14. The computer-implemented method of claim 13, wherein the plurality of quality scores corresponding to the base call comprise the first quality score, the second quality score, the third quality score, and the fourth quality score.

15. The computer-implemented method of claim 14, further comprising: quantizing each of a plurality of remapped quality scores to a corresponding one of a plurality of quantized remapped quality score.

16. A non-transitory computer readable storage medium comprising computer program instructions that, when executed on a processor, cause a computing device to: receive, from a plurality of clusters within a region of a flow cell, a plurality of sensor data representing the plurality of clusters incorporating different nucleotide bases with different labels, wherein the plurality of sensor data is within a first range; identify a second range, such that at least a threshold percentage of the plurality of sensor data are within the second range; map at least a subset of the plurality of sensor data, that are within the second range and that represent, from the region of the flow cell, a subset of the plurality of clusters incorporating different nucleotide bases with different labels, to a third range, thereby generating a plurality of normalized sensor data for a target cluster of the plurality of clusters; process the plurality of normalized sensor data in a base caller, to determine, for the target cluster, a base call and a plurality of quality scores corresponding to the base call; and remap each of at least a subset of the plurality of quality scores to a remapped quality score for the base call.

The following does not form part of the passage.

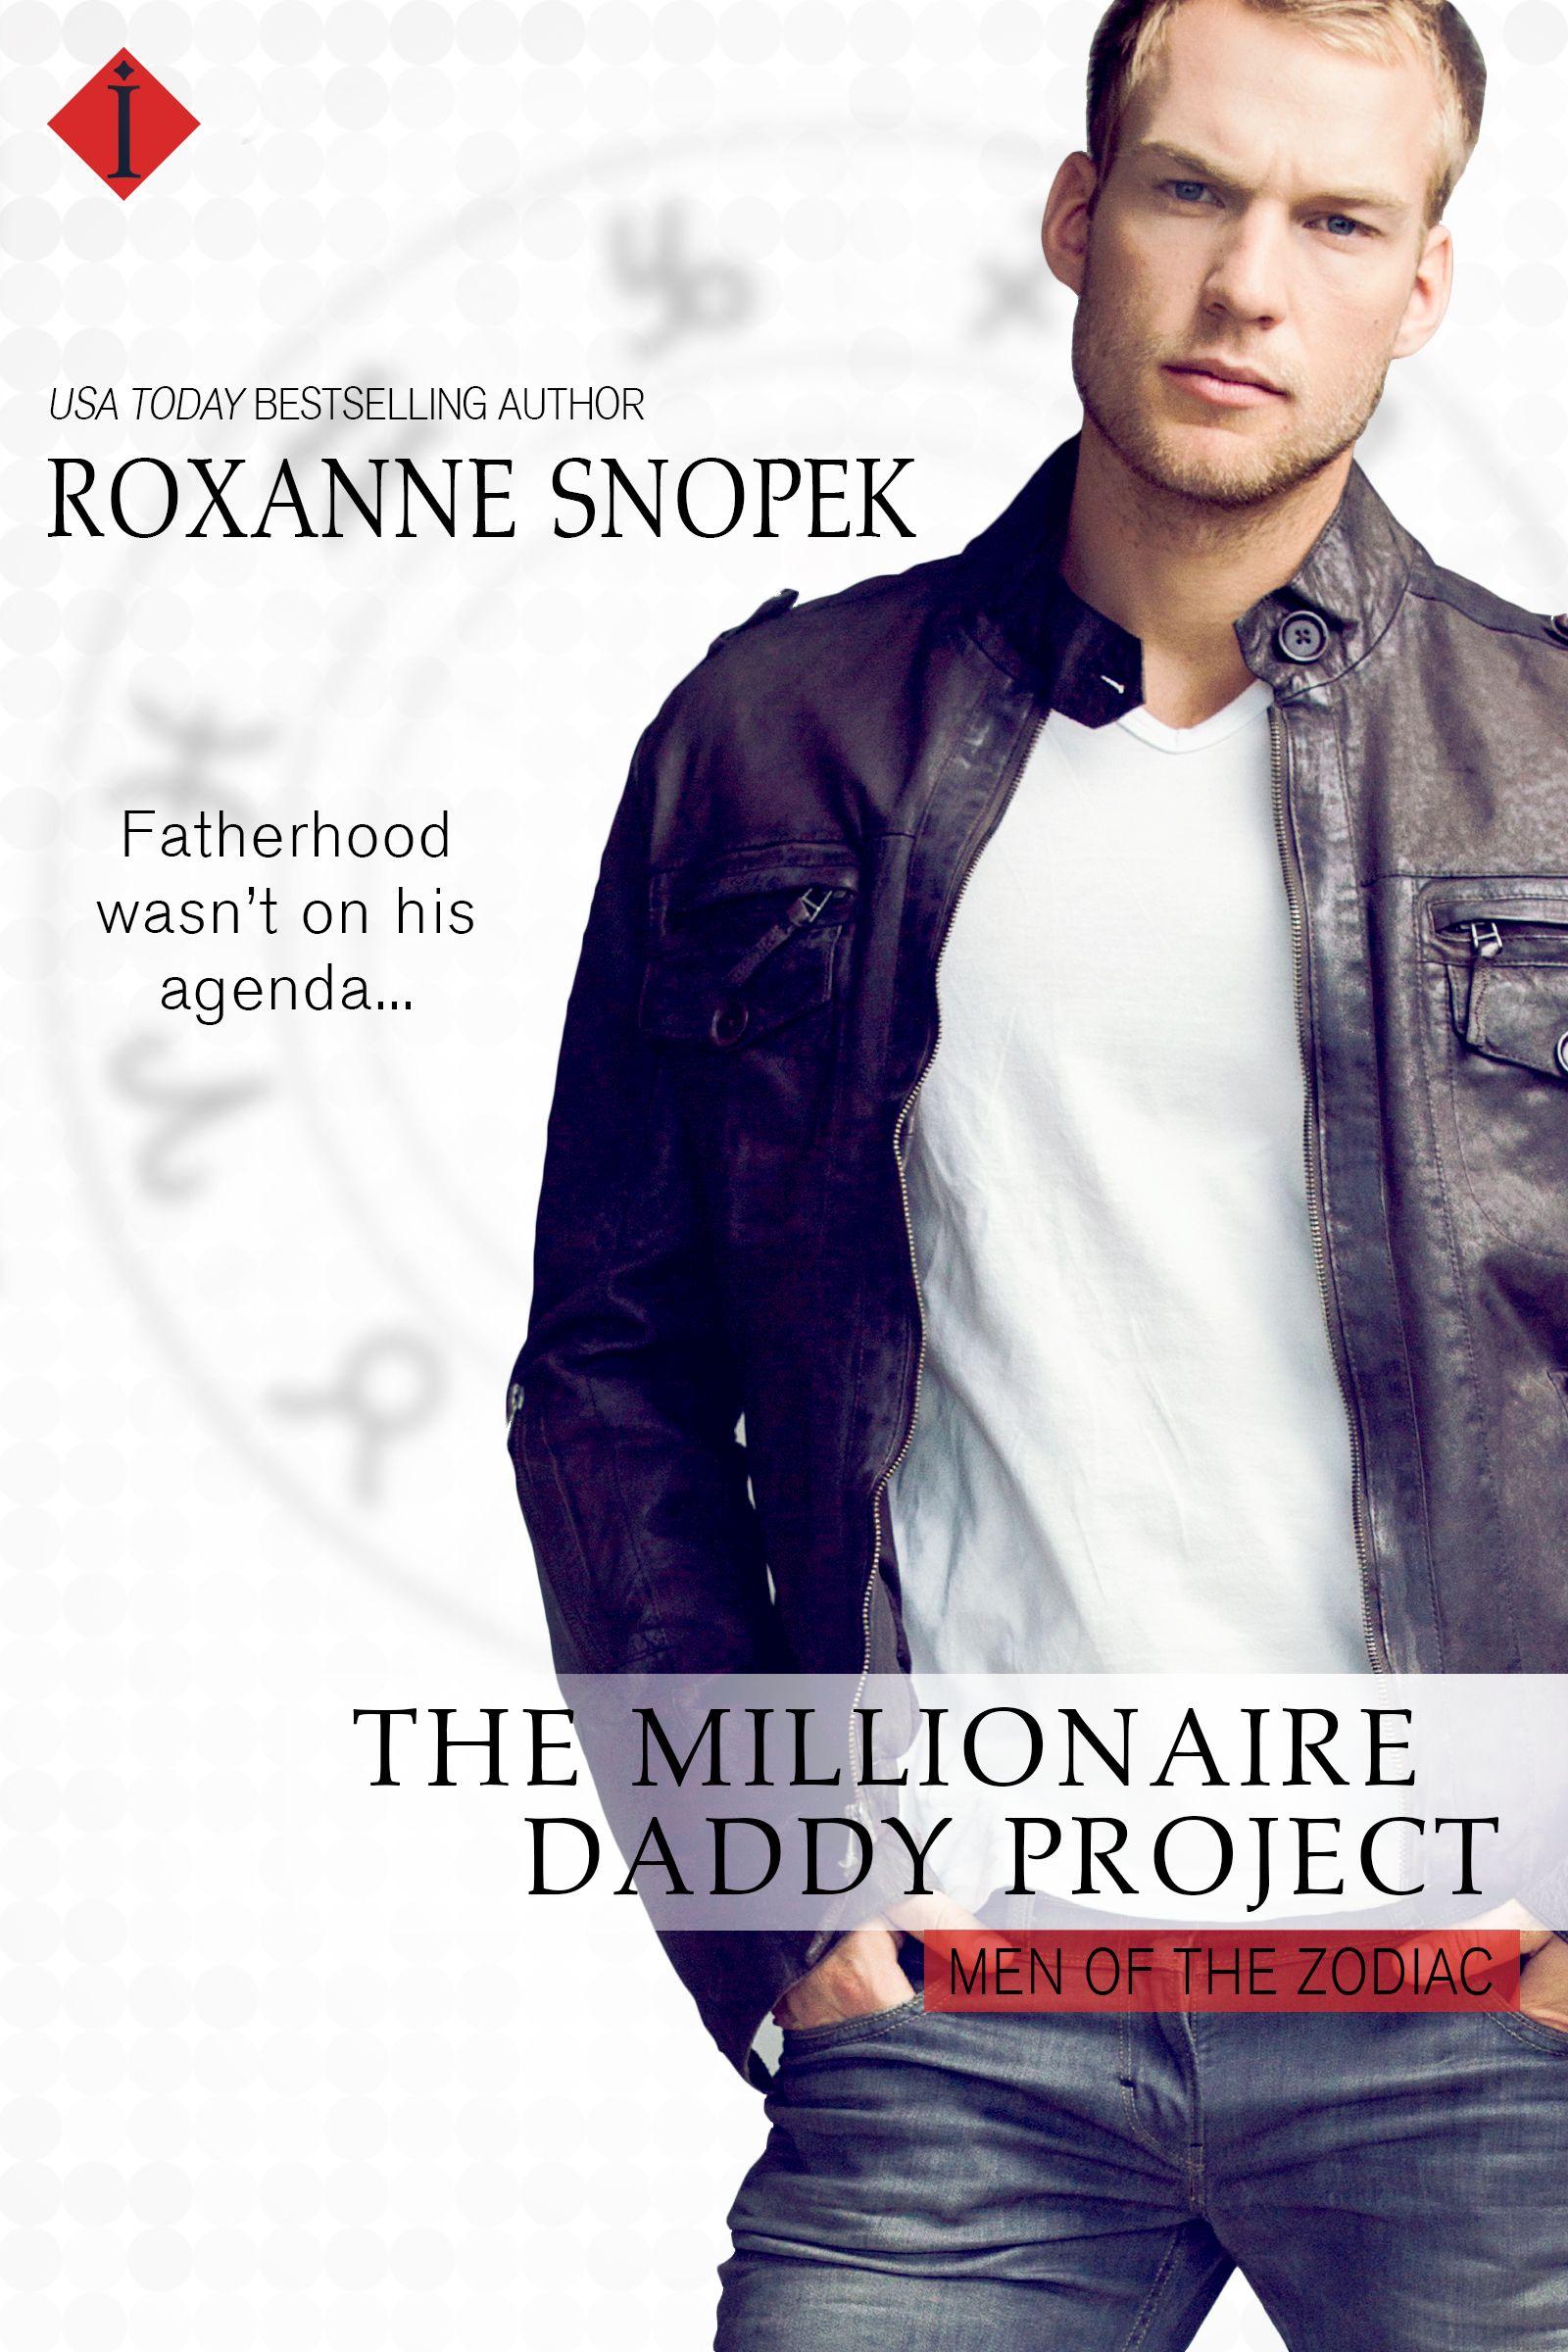 The Millionaire Daddy Project by Roxanne Snopek. Contemporary Romance. $0.99 http://www.ebooksoda.com/ebook-deals/the-millionaire-daddy-project-by-roxanne-snopek

17. The non-transitory computer readable storage medium of claim 16, wherein identifying the second range comprises: identifying, within the first range, a low value, such that a lower threshold percentage of the plurality of sensor data have a value that is lower than the low value; and identifying, within the first range, a high value, such that an upper threshold percentage of the plurality of sensor data have a value that is higher than the high value, wherein the second range is defined by the low value and the high value.

18. The non-transitory computer readable storage medium of claim 17, further comprising computer program instructions that, when executed on the processor, cause the computing device to quantize each of a plurality of remapped quality scores to a corresponding one of a plurality of quantized remapped quality score.

19. A system comprising: at least one processor; and a non-transitory computer-readable medium comprising instructions thereon that, when executed by the at least one processor, cause the system to: receive, from a plurality of clusters within a region of a flow cell, a plurality of sensor data representing the plurality of clusters incorporating different nucleotide bases with different labels, wherein the plurality of sensor data is within a first range; identify a second range, such that at least a threshold percentage of the plurality of sensor data are within the second range; map at least a subset of the plurality of sensor data, that are within the second range and that represent, from the region of the flow cell, a subset of the plurality of clusters incorporating different nucleotide bases with different labels, to a third range, thereby generating a plurality of normalized sensor data for a target cluster of the plurality of clusters; process the plurality of normalized sensor data in a base caller, to determine, for the target cluster, a base call and a plurality of quality scores corresponding to the base call; and remap each of at least a subset of the plurality of quality scores to a remapped quality score for the base call.

20. The system of claim 19, further comprising instructions that, when executed by the at least one processor, cause the system to quantize each of a plurality of remapped quality scores to a corresponding one of a plurality of quantized remapped quality score.